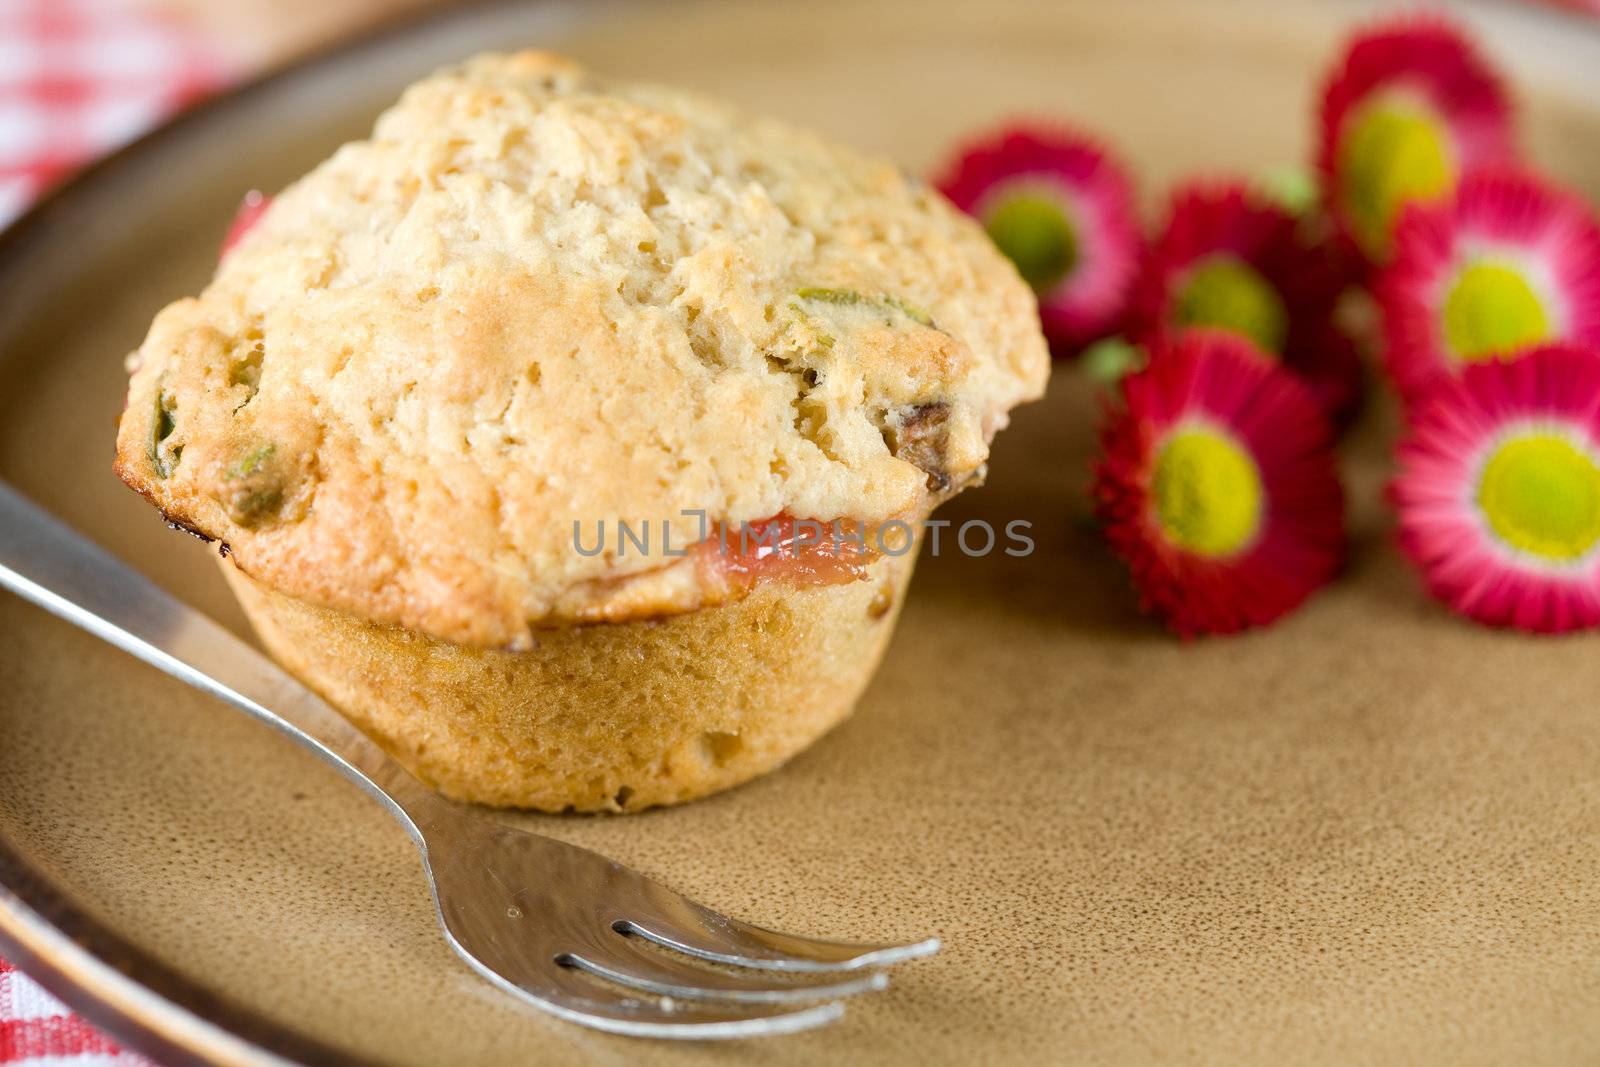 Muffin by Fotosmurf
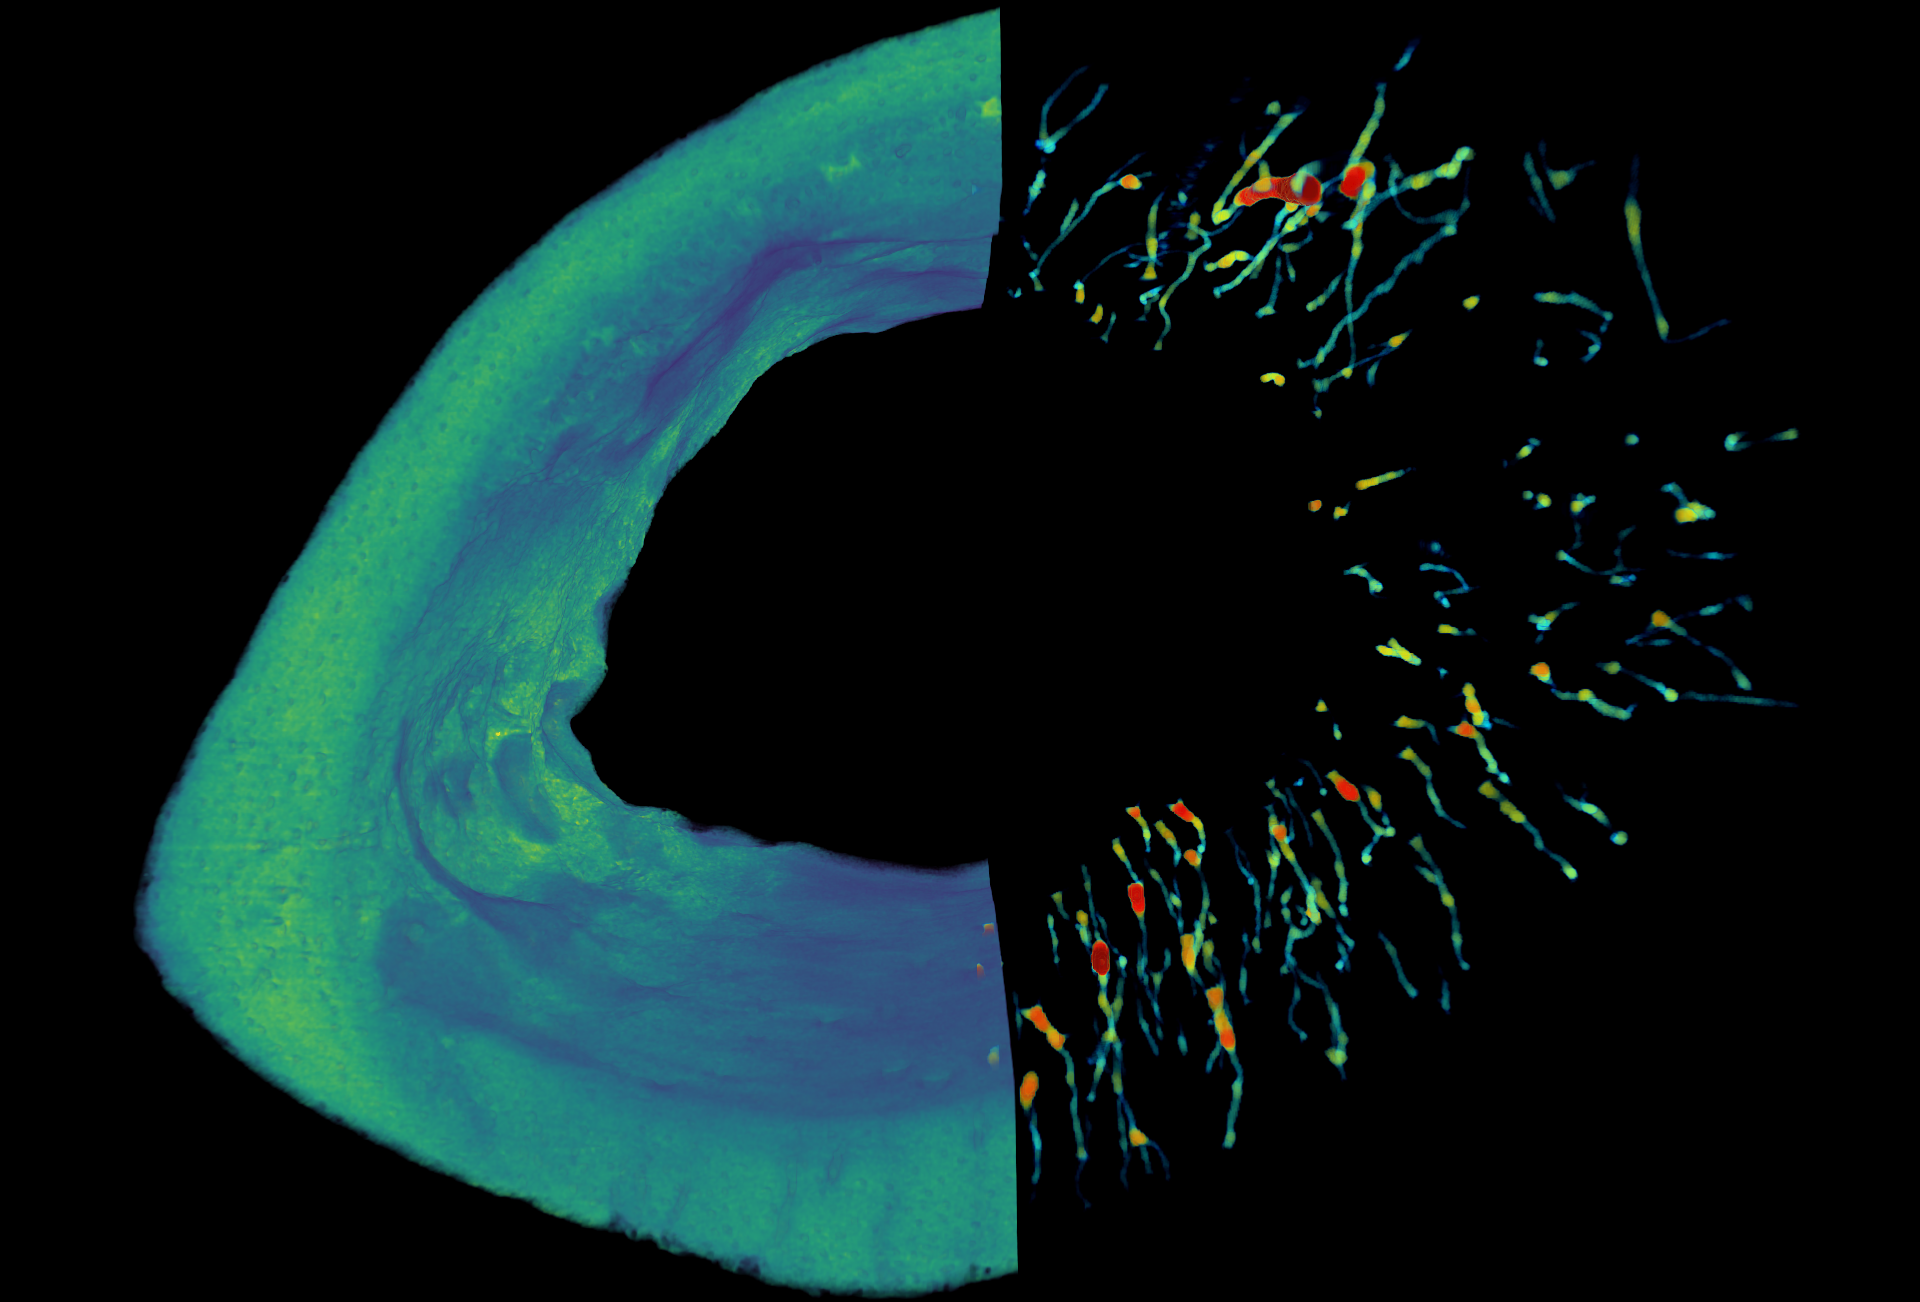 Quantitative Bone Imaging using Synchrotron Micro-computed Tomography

...

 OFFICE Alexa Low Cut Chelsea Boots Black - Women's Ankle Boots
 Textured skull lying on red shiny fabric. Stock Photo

---

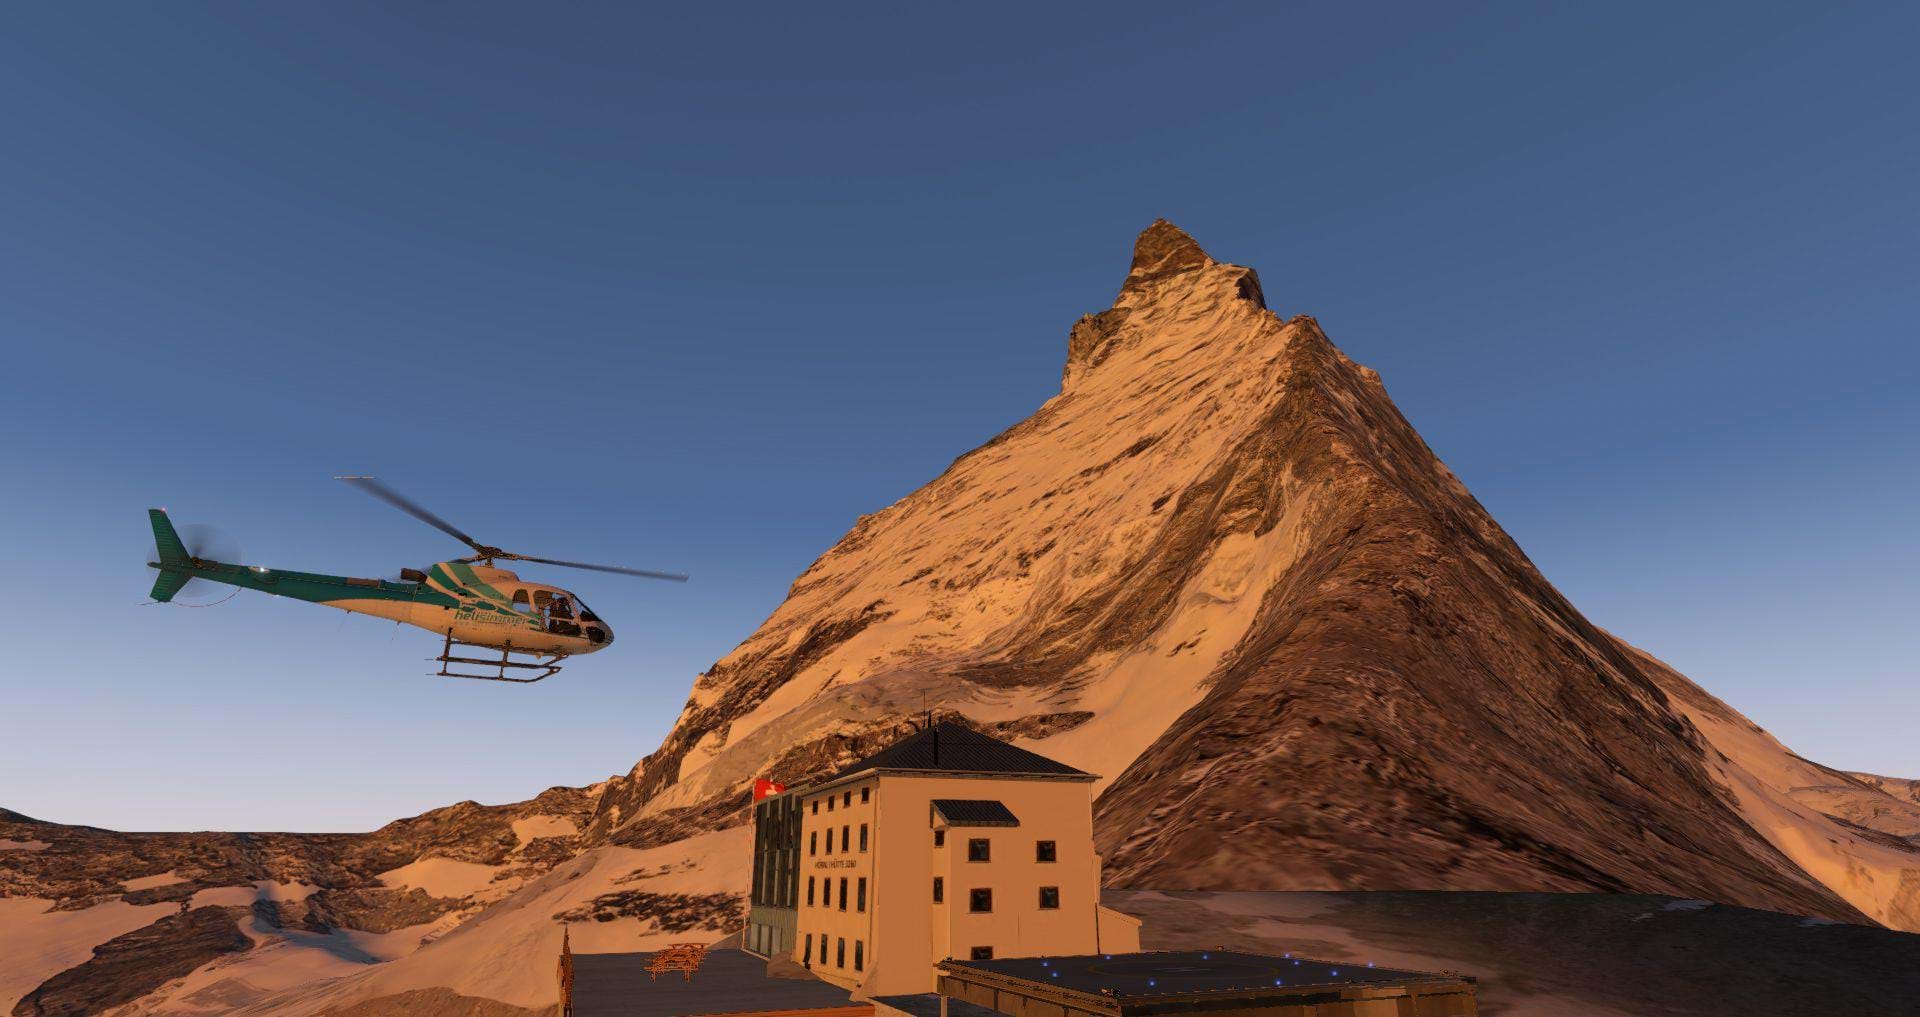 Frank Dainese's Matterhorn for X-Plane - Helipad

*Assignment*.
Write out word for word the lines above that run from the one with "Muffin by Fotosmurf" to the one with "Quantitative Bone Imaging". Include both end lines; exclude the images.

*Written response*.
 Muffin by Fotosmurf
 Quantitative Bone Imaging using Synchrotron Micro-computed Tomography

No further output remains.